In developing and discussing this technique over many venues, some themes emerged which have proven instructive. First is that the effects of biologically important changes may not induce a measurable change in the cells using the electric field effects. The current study undermines this concept, along with many previous quantitative assessments (Jones et al., 2014, 2015; Crowther et al., 2019; Hilton and Hayes, 2019; Liu et al., 2019). The second theme is that the variation in the biological entities will be too great to decipher. Interestingly enough, this high-resolution capability provides a tool to investigate the origins and structure of that variability. Within any population of cells some will have a biologically significant change and others will have routine property variances which are not biological differentiators. This technique can allow for quantitative determination of biophysical-to-biological action connectivity.

Conclusion

This work demonstrates the differentiation of the two close strains of Salmonella, sv. Cubana and sv. Poona, by DC-iDEP device. The variable capture conditions are accomplished without labels or otherwise altering the cells, the effects occur due to the native condition of the organisms with the setting of electric field properties. These results support the concept that biophysical separation and concentration will potentially become a useful tool in the microbiology laboratory to aid in serotyping of Salmonella.

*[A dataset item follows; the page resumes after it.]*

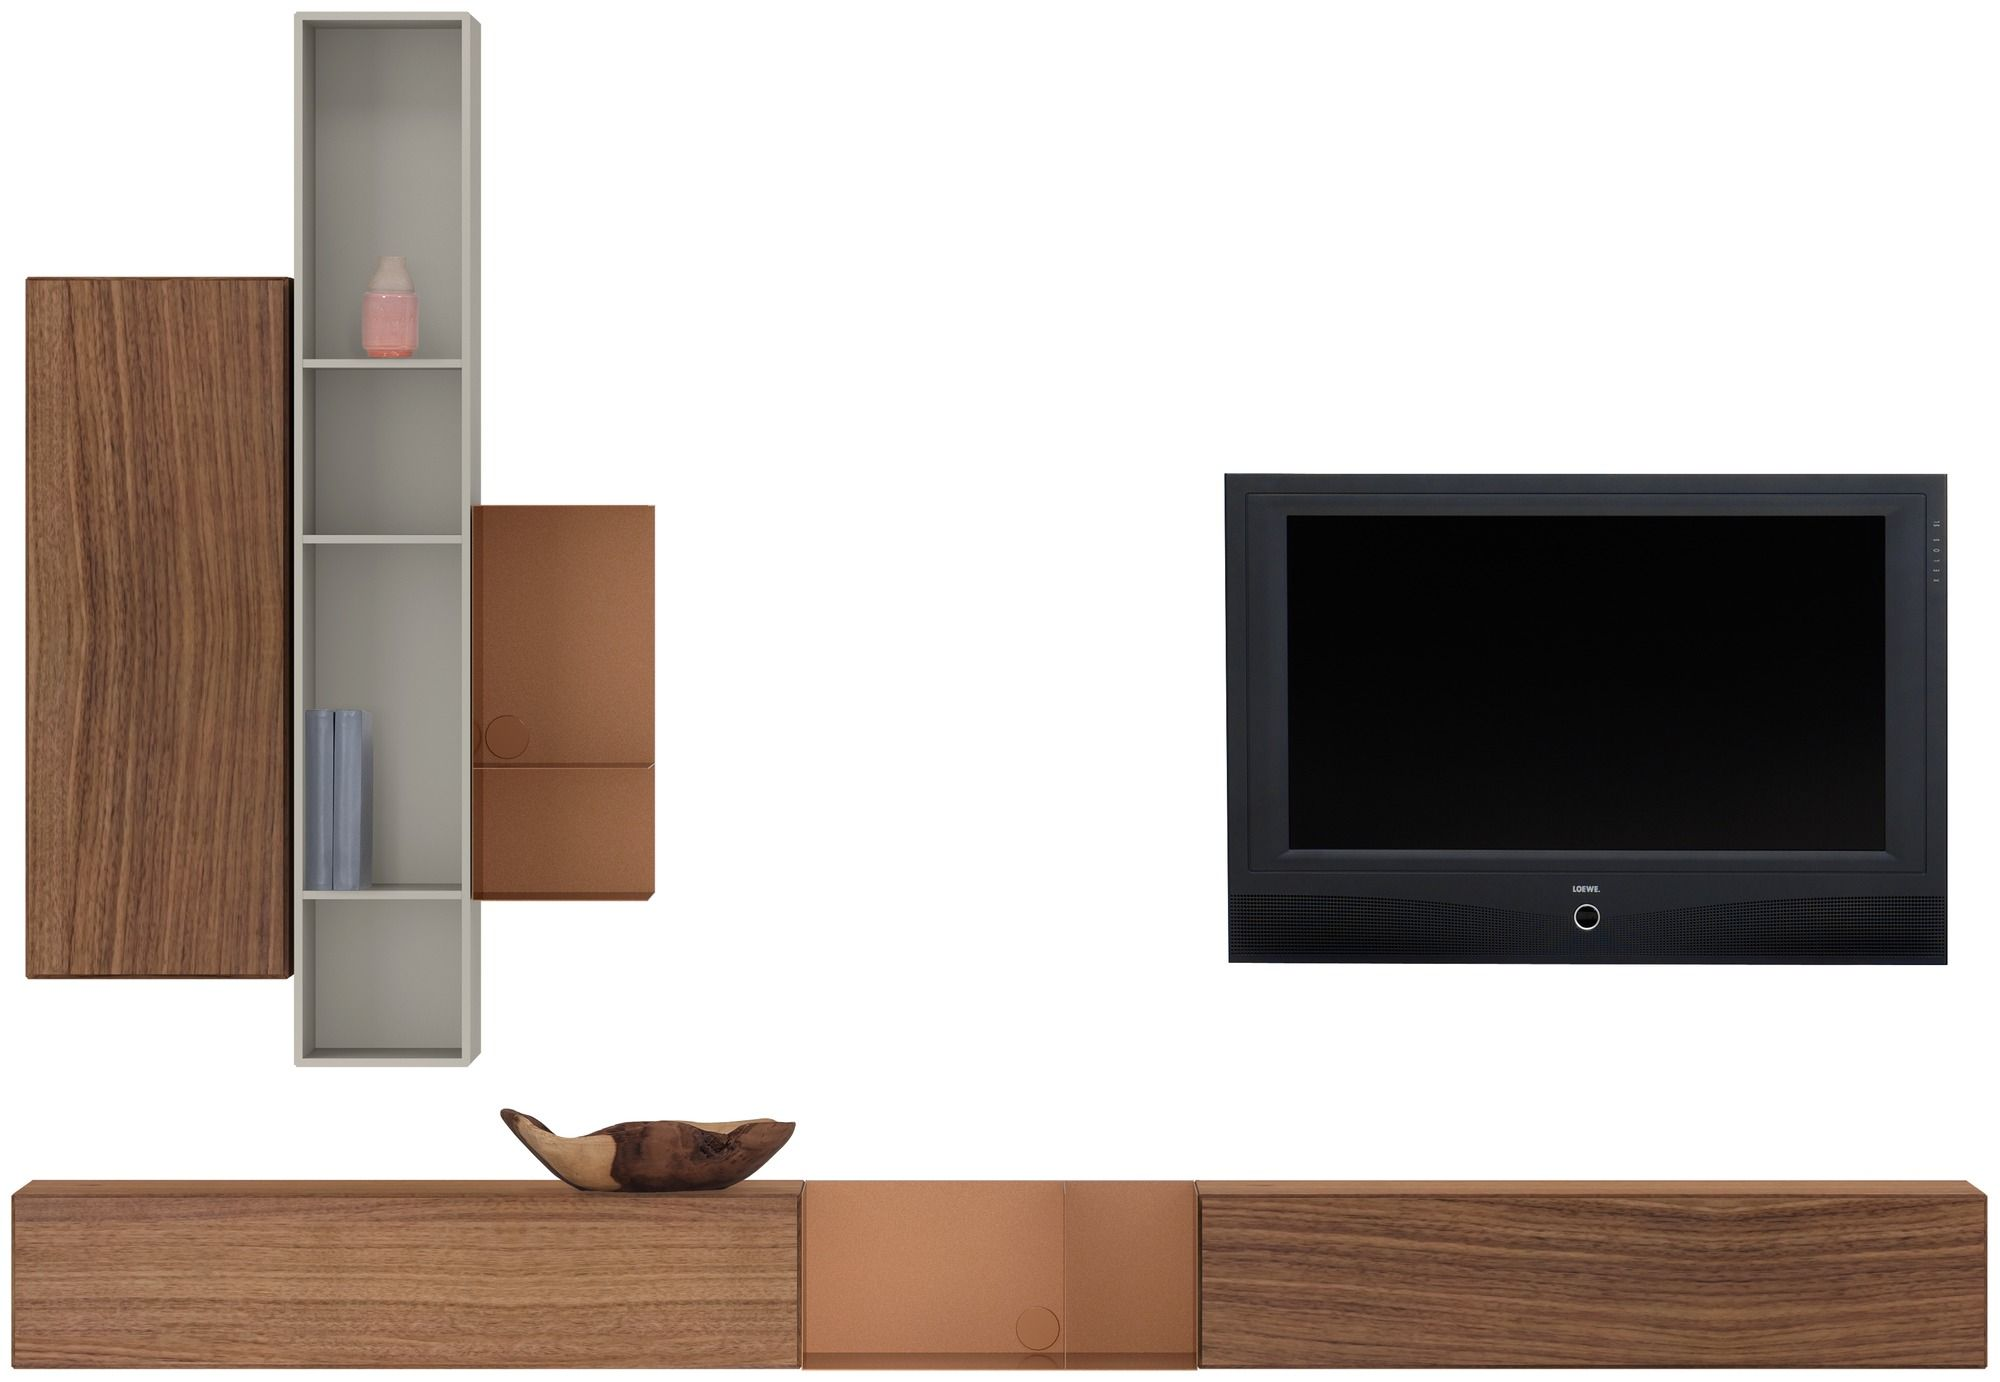 boconcept lugano tv wall unit pinterest boconcept. Black Bedroom Furniture Sets. Home Design Ideas

Data Availability Statement

All datasets generated for this study are included in the article/supplementary material.

Author Contributions

YL was responsible for data collection, experimental condition testing, and manuscript preparation. MH worked on the overall instruction on the research and manuscript preparation.

Conflict of Interest

MH is an investor in and a collaborator with Charlot Biosciences, a company which has licensed the underlying technology presented in this paper. The remaining author declares that the research was conducted in the absence of any commercial or financial relationships that could be construed as a potential conflict of interest.